Schumer acknowledges that she was surprised to see that her depiction of the self-harm behavior wasn’t being flagged for any kind of audience warning. “I was like, ‘I’d want to be warned,'” she says. What Hulu opted to do instead was feature a resource card at the end of the episode’s credits, which reads: “If you or someone you know experiences Body-Focused Repetitive Behaviors, the TLC Foundation for Body-Focused Repetitive Behaviors offers support and resources.” It then provides a website where one can learn more.

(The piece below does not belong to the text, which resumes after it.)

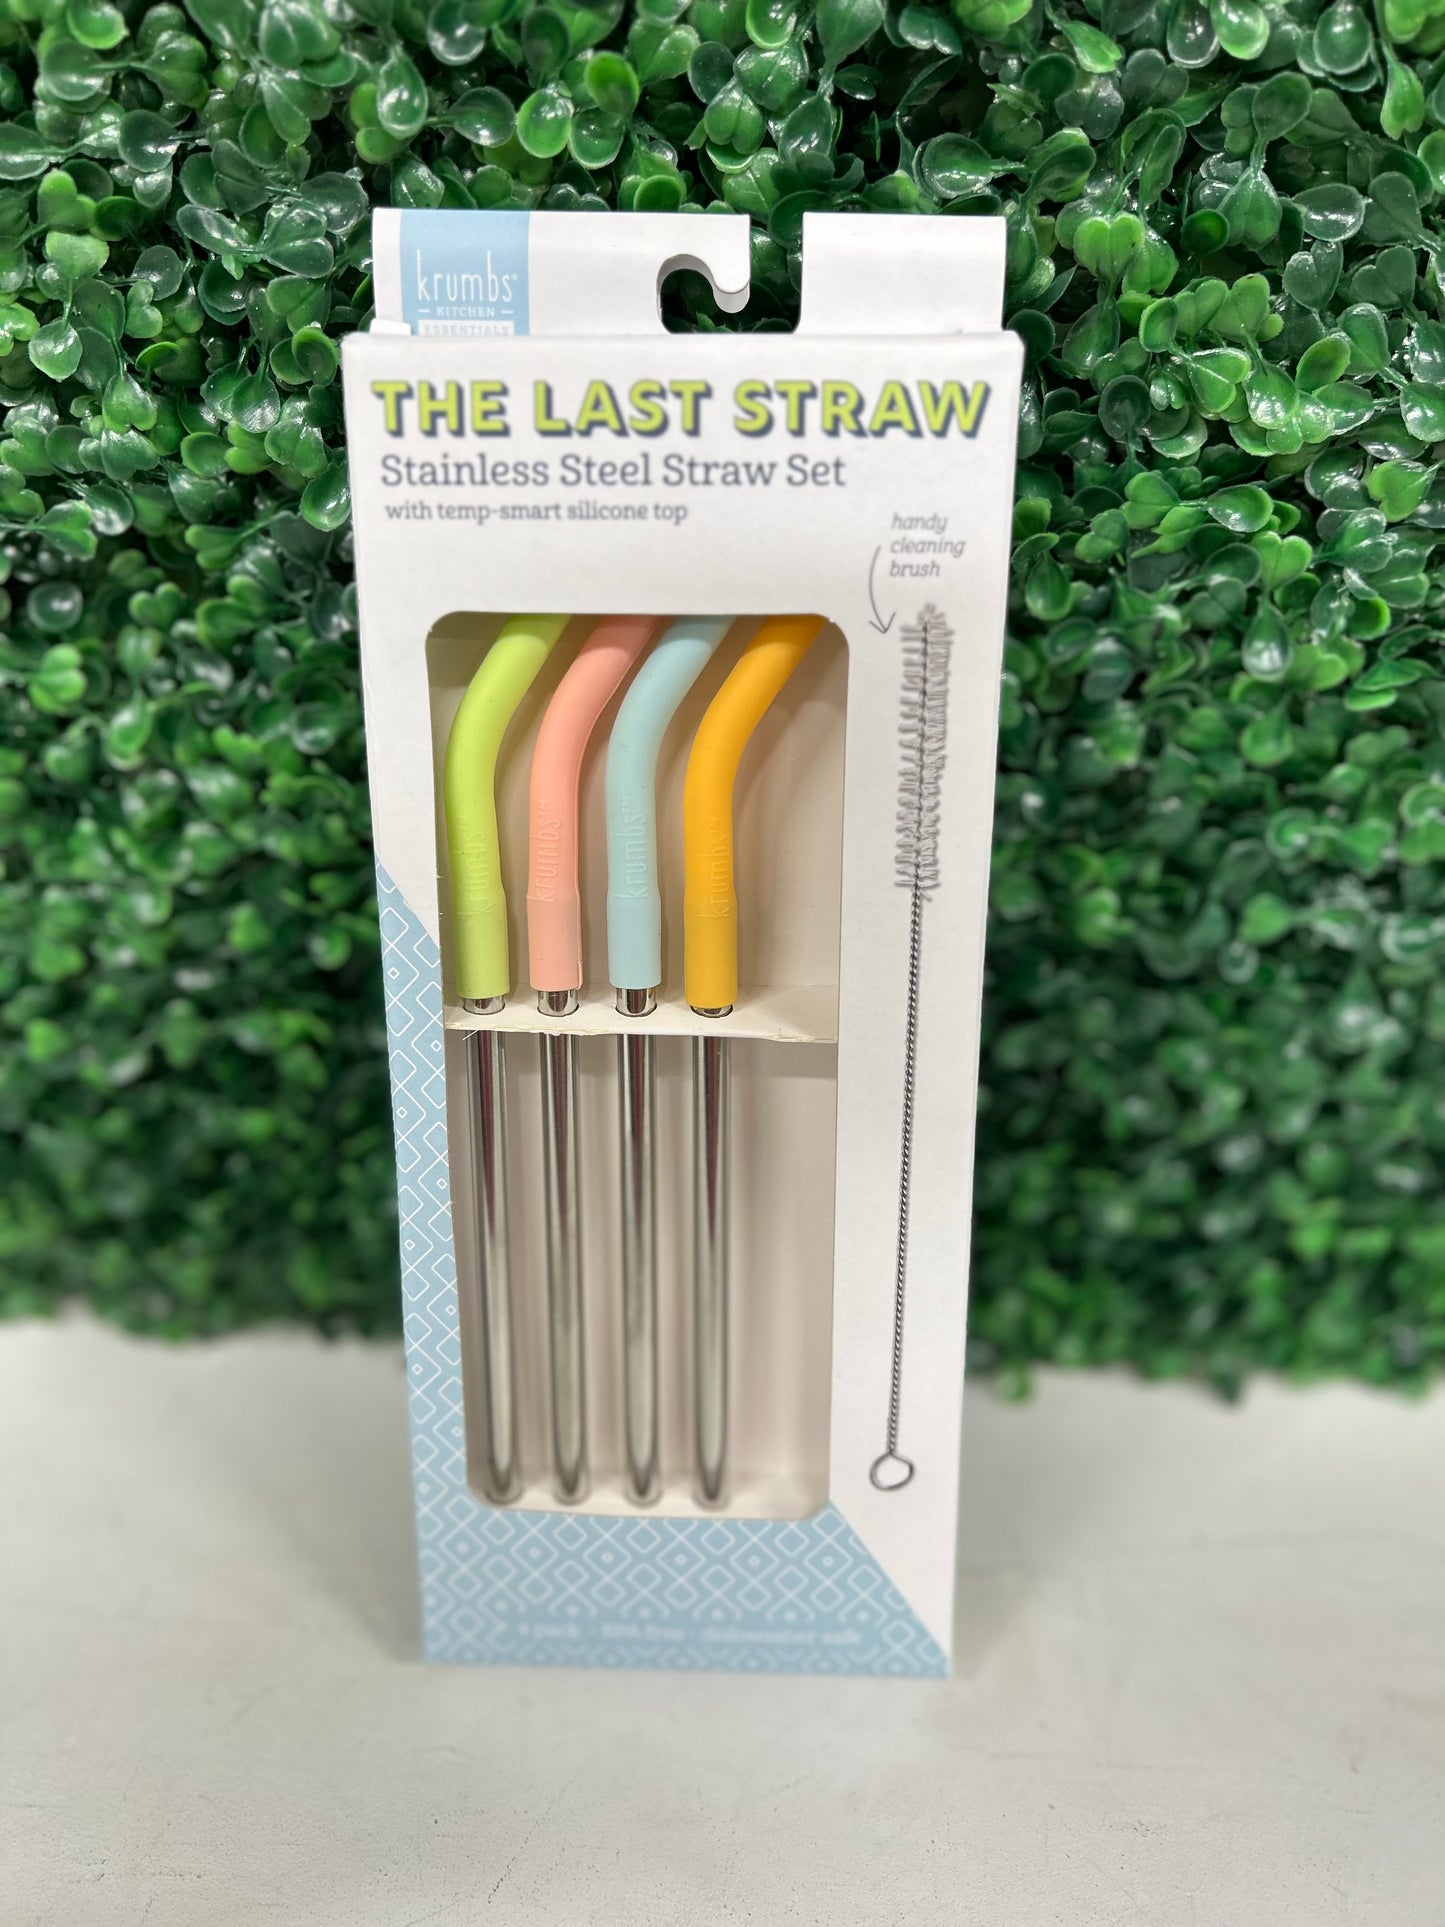 The Last Straw- Stainless Steel Straw Set

The TLC Foundation has since praised Schumer, the series and Hulu “for their accurate and respectful portrayal of a person experiencing trichotillomania.” The foundation’s executive director added, “Our community is breathing a collective sigh of relief after having our behaviors mischaracterized and misinterpreted for so many years.”
Still, Schumer says it’s too early to know whether its inclusion will prove cathartic for her — at least not in the instantaneous way that writing about her messy relationship with her mom had been. (She had her mother read every script and then they watched every episode of the series together, even the ones that weren’t easy to watch together.) What Schumer is clear on is why she chose to write it in: “I really don’t want to have a big secret anymore,” she says. “And I thought putting it in there would be good for me to alleviate some of my shame and maybe, hopefully, help others alleviate some of theirs, too.”